Aboriginal News Group: FBI loses trial against former American Indian Movement member Richard Marshall: FBI loses trial against former American Indian Movement member Richard Marshall | Vancouver Media Co-op: Richard Marshall found not guilty of Anna Mae Pictou Aquash murder
Vancouver resident John Graham's trial set for July 6
By Oshipeya
Coast Salish Territory, Vancouver, Canada
May 12, 2010
An all-White jury in Rapid City, South Dakota, took less than two hours on April 22 to return a not-guilty verdict in the trial of former American Indian Movement (AIM) member Richard Marshall (of the Lakota Nation) in connection to the murder of fellow AIM member Anna Mae Pictou Aquash.

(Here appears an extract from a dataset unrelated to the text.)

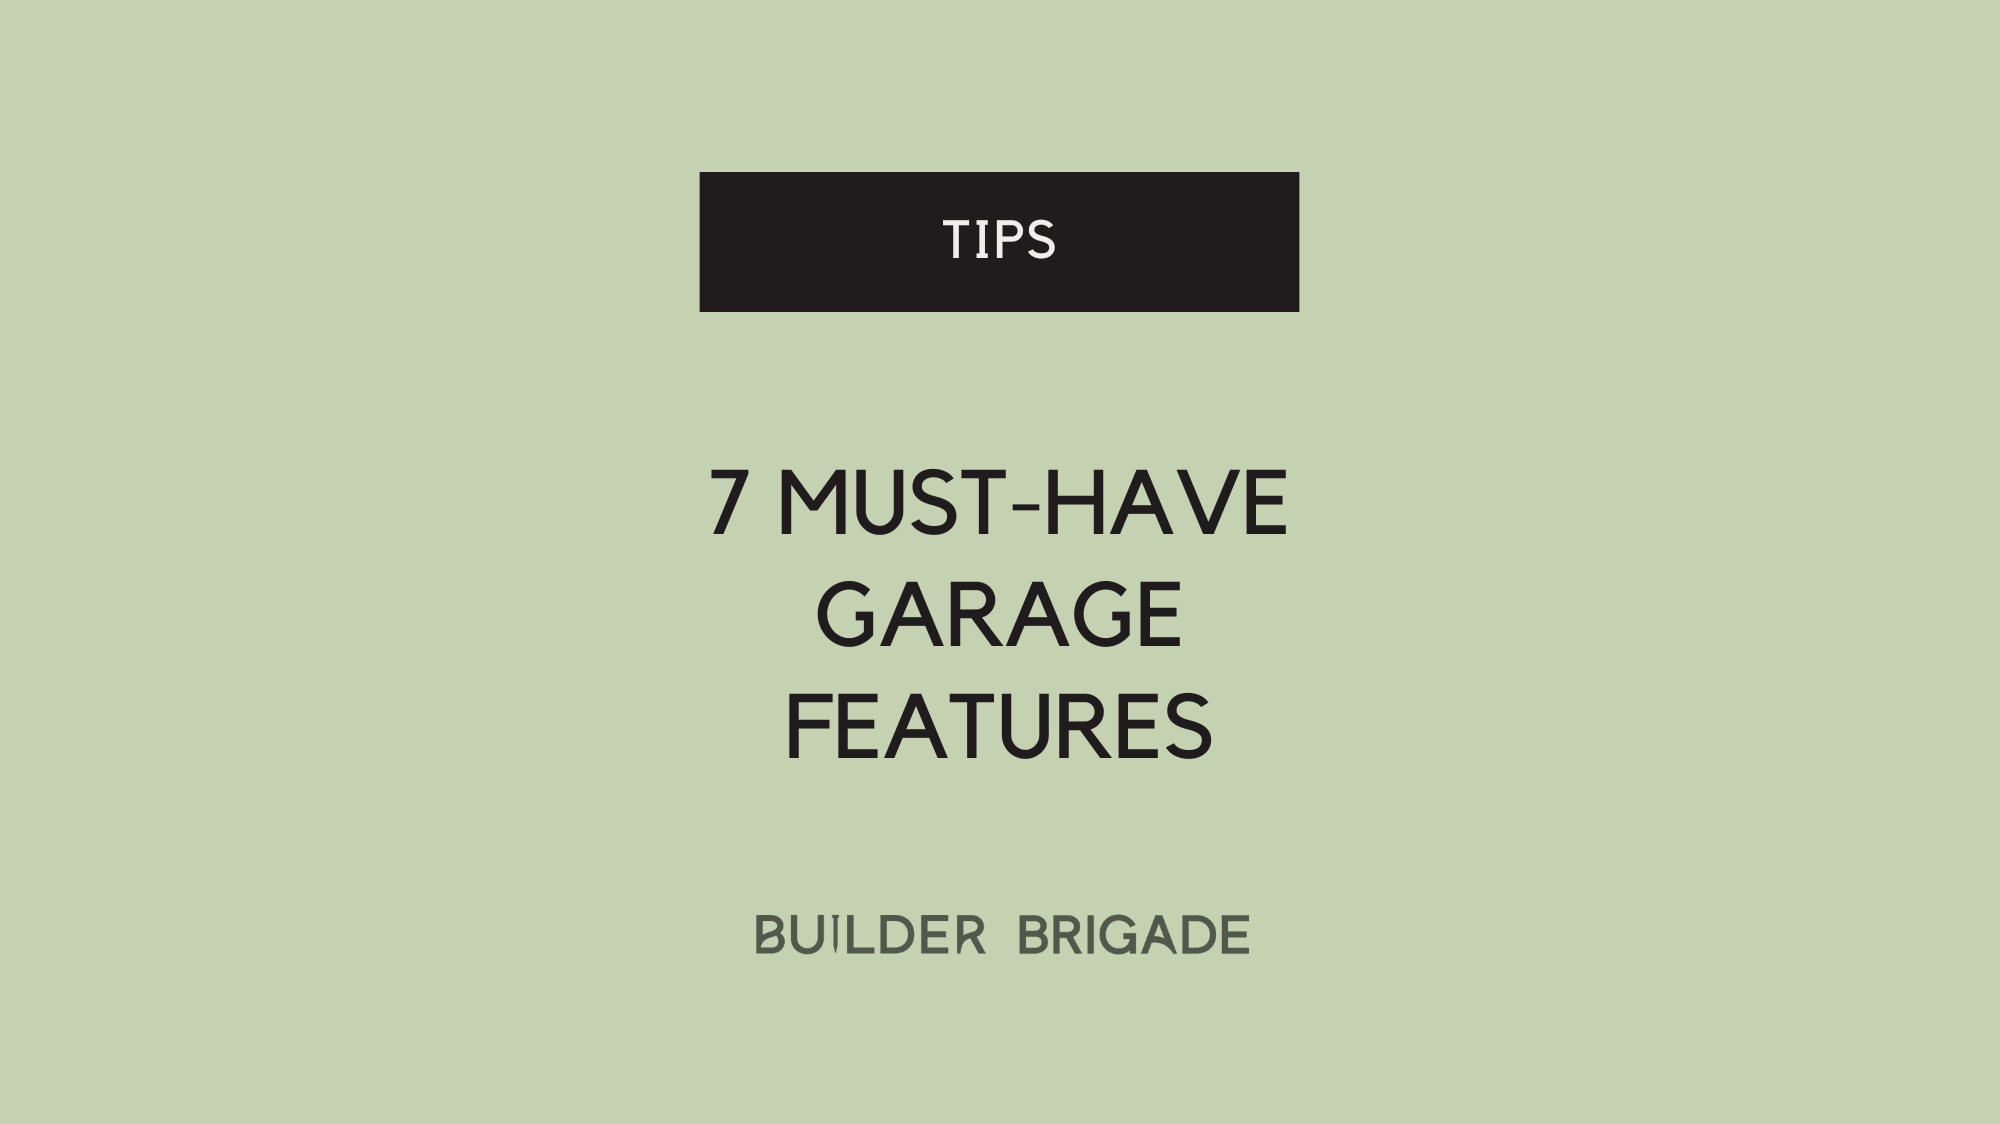 7 must-have garage features

Aquash was a Mi’kmaq from Nova Scotia and a skilled organizer and warrior with AIM who was targeted and threatened with death by the Federal Bureau of Investigation (FBI). When her body was found on the Pine Ridge reservation in South Dakota in February of 1976, the FBI tried to cover-up her identity and true cause of death by having her buried as an unknown “Jane Doe” who had supposedly died of exposure, despite an obvious bullet hole wound to her head. A second autopsy requested by family members revealed the murder. At the time, an FBI-supported death squad made up mostly of reservation police officers had killed some 60 members of AIM and traditional Lakota people on Pine Ridge. Other death squad murders had also been passed-off as death by exposure by the FBI’s pathologist and were not investigated.